---

## Grading Info/Details - Assignment 4.1:

The assignment will be graded semi-automatically, which means that your code will be tested against a set of predefined test cases and qualitatively assessed by a human. This will speed up the grading process for us.

* For passing the test scripts:
    - Please make sure to **NOT** alter predefined class or function names, as this would lead to failing of the test scripts.
    - Please do **NOT** rename the files before uploading to the Whiteboard!

* **(RESULT)** tags indicate checkpoints that will be specifically assessed by a human.

* You will pass the assignment if you pass the majority of test cases and we can at least confirm effort regarding the **(RESULT)**-tagged checkpoints per task.

---

## Task 4.1.1 - PCA from Scratch

Implement Principal Component Analysis (PCA) from scratch using only `NumPy`.
This assignment will help you understand the mathematical foundations of PCA.
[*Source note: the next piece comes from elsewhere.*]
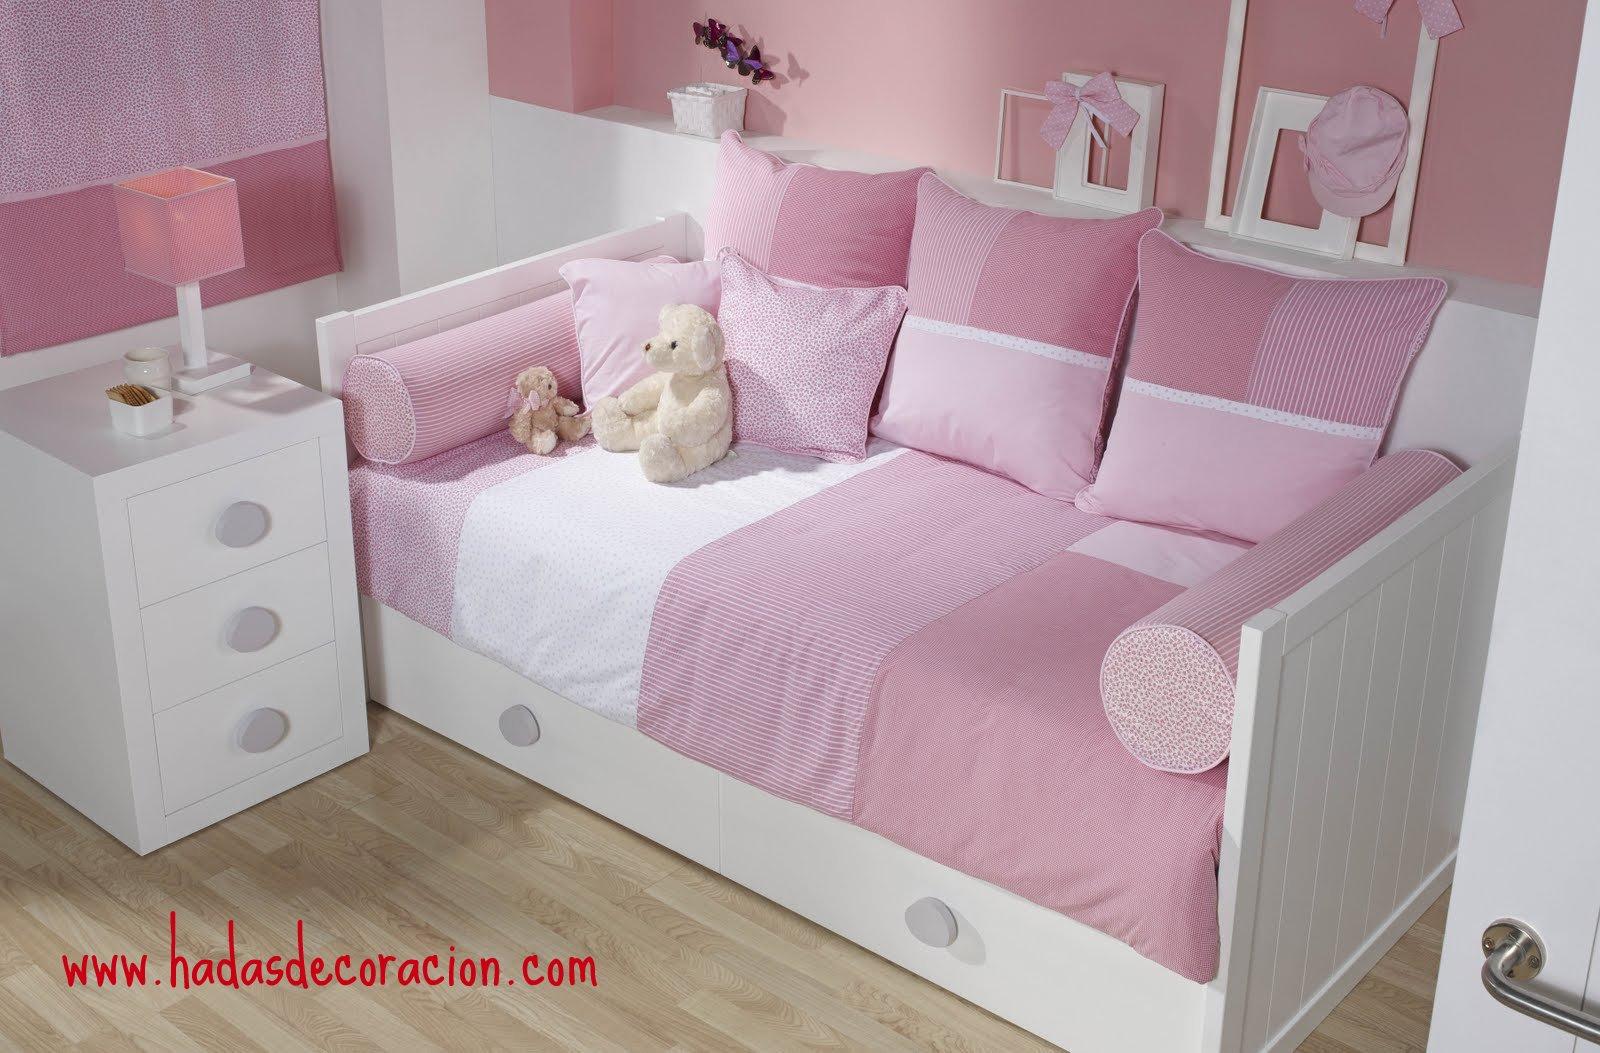 Hadas moda y decoracion infantil coleccion textil de - Ikea textil cama ...

* Implement the PCA given the class structure below. **(RESULT)**
* Test your implementation using small synthetic datasets described in the test functions below. **(RESULT)**

In [14]:
import numpy as np
import matplotlib.pyplot as plt

# Build PCA

In [15]:
class PCA:
    """
    Principal Component Analysis implementation using only NumPy.
    """

    def __init__(self, n_components=2):
        """
        Initialize PCA.
        """
        self.n_components = n_components

    def fit(self, X):
        """
        Fit PCA on the training data X.
        """
        # TODO: Implement this function
        self.mean_ = np.mean(X, axis=0)
        X = X - self.mean_

        cov = np.dot(X.transpose(), X)
        S, W = np.linalg.eig(cov)
        idx = np.argsort(S)[::-1]
        self.eigenvectors = W[:, idx]
        self.explained_variance_ = S[idx][:self.n_components]
        self.components= self.eigenvectors[:, :self.n_components]
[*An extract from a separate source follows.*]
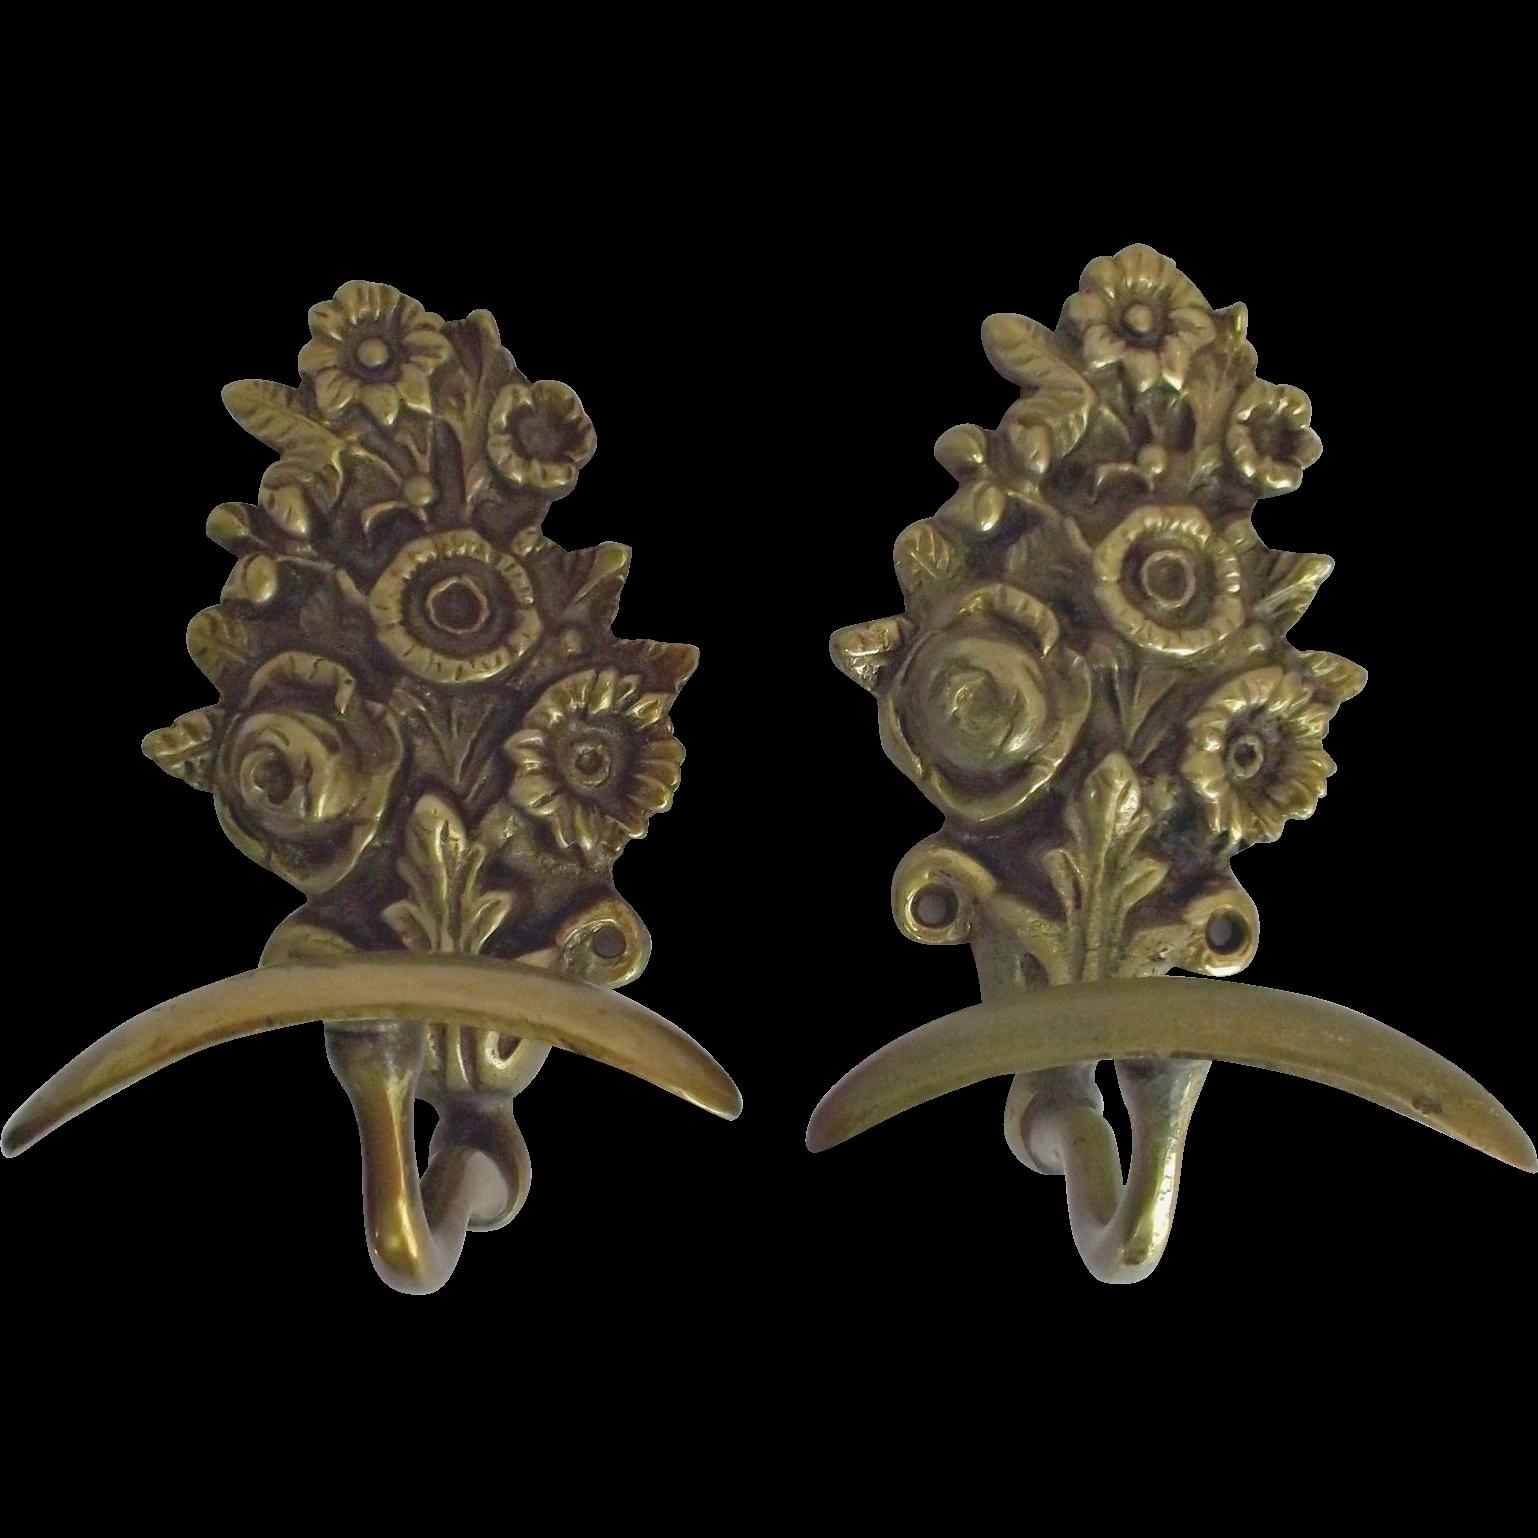 Vintage Brass Metal Wall Hooks Hangers Floral

    def transform(self, X, dim=5):
        """
        Transform X into the principal component space.
        """
        # TODO: Implement this function
        X = X - self.mean_
        return np.dot(X, self.components)
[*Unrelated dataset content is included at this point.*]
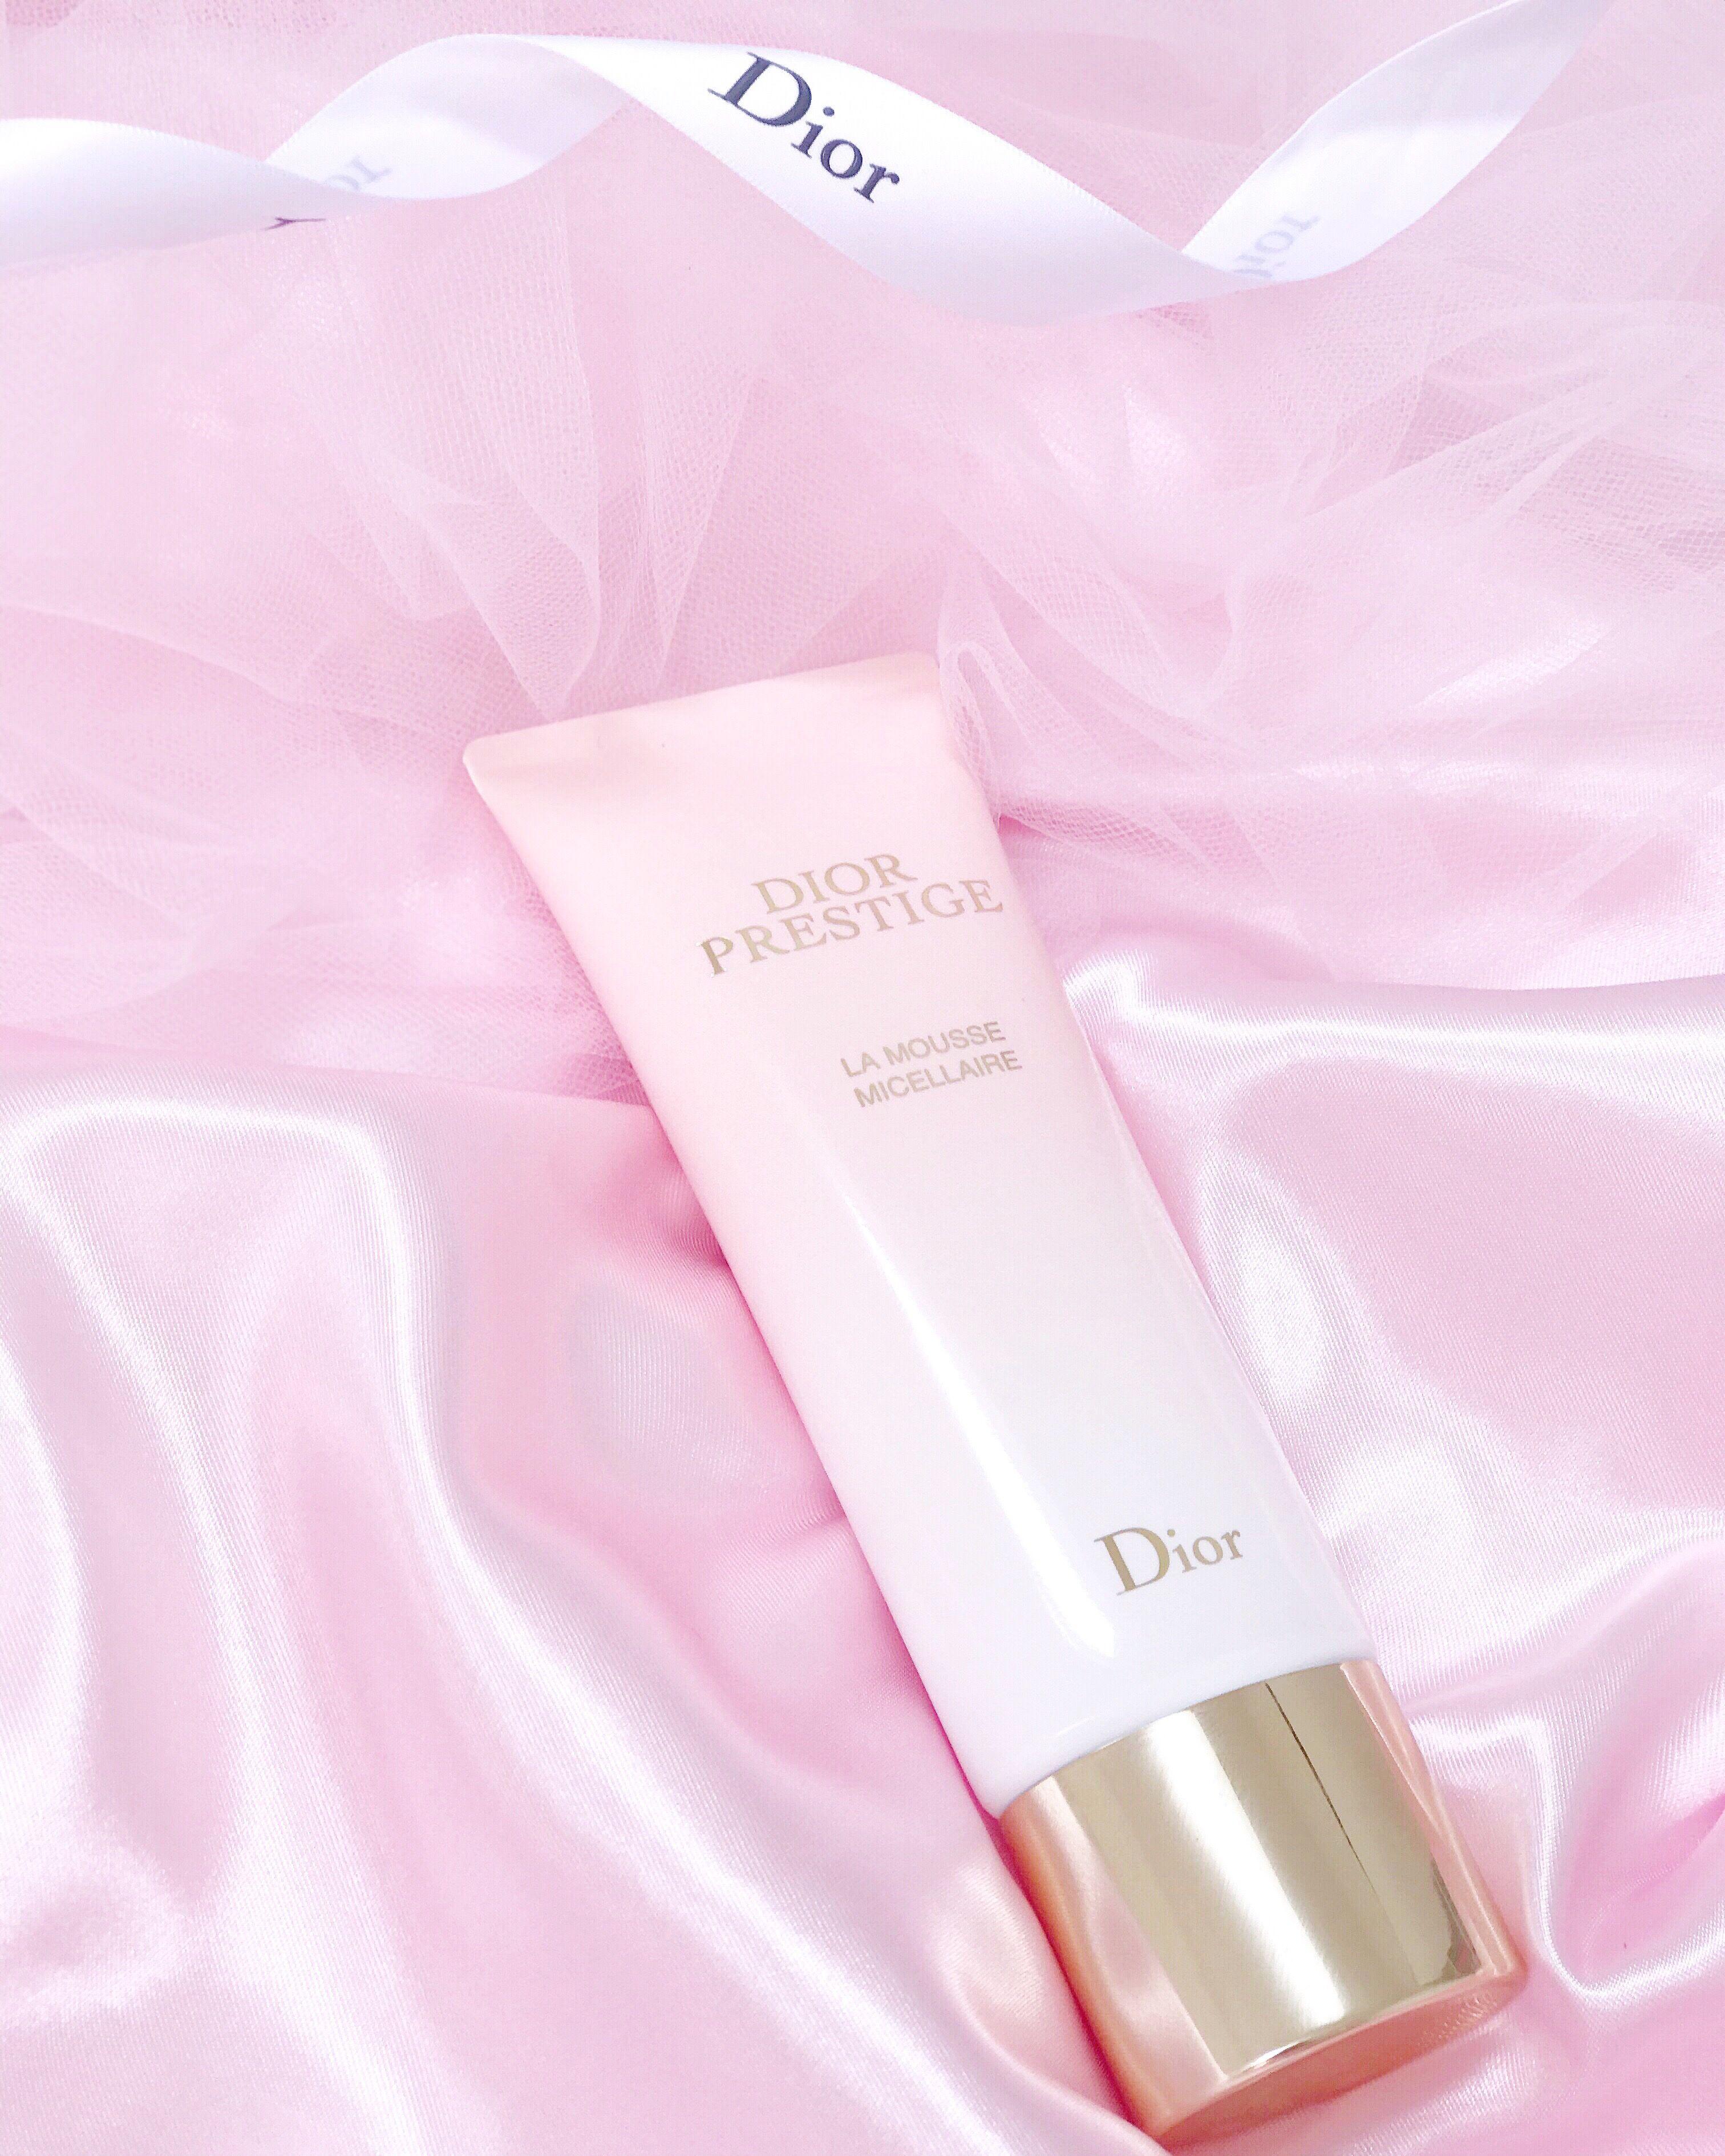 Oh So Heavenly Rose Petal Skin New Dior Prestige La Mousse Micellaire Rose Petals Aesthetic Beauty Makeup

    def inverse_transform(self, X):
        """
        Transform data back to original space.
        """
        # TODO: Implement this function
        return X.dot(self.components.transpose()) + self.mean_

    def fit_transform(self, X):
        """
        Fit PCA and transform X in one step.
        """
        self.fit(X)
        return self.transform(X)

# Testing decorrelation, dimensionality reduction and reconstruction

In [16]:
def test_basic_pca():
    """Test 1: Basic PCA on 2D data"""
    # TODO: Implement this function
    #decorrelation
    np.random.seed(42)


    data_2d = np.random.rand(100, 2)
    # print(data_2d.shape)
    pca = PCA(n_components=2)
    transformeddata = pca.fit_transform(data_2d)
    # print(transformeddata.shape)
    return  transformeddata, data_2d, pca


def test_dimensionality_reduction():
    """Test 2: Reduce 5D data to 2D"""
    # TODO: Implement this function
    np.random.seed(42)

    # Create a dataset with 100 samples and 5 features (5D)
    data_5d = np.random.rand(100, 5)
    # print(data_5d.shape)
    pca = PCA(n_components=2)
    data_2d = pca.fit_transform(data_5d)
    # print(data_2d.shape)
    return data_2d, data_5d, pca


def test_reconstruction():
    """Test 3: Inverse transform (reconstruction)"""
    # TODO: Implement this function
    reduced, original, pca=test_dimensionality_reduction()
    reconstructed = pca.inverse_transform(reduced)
    print( "Reconstruction error:", np.linalg.norm(original - reconstructed, ord='fro'))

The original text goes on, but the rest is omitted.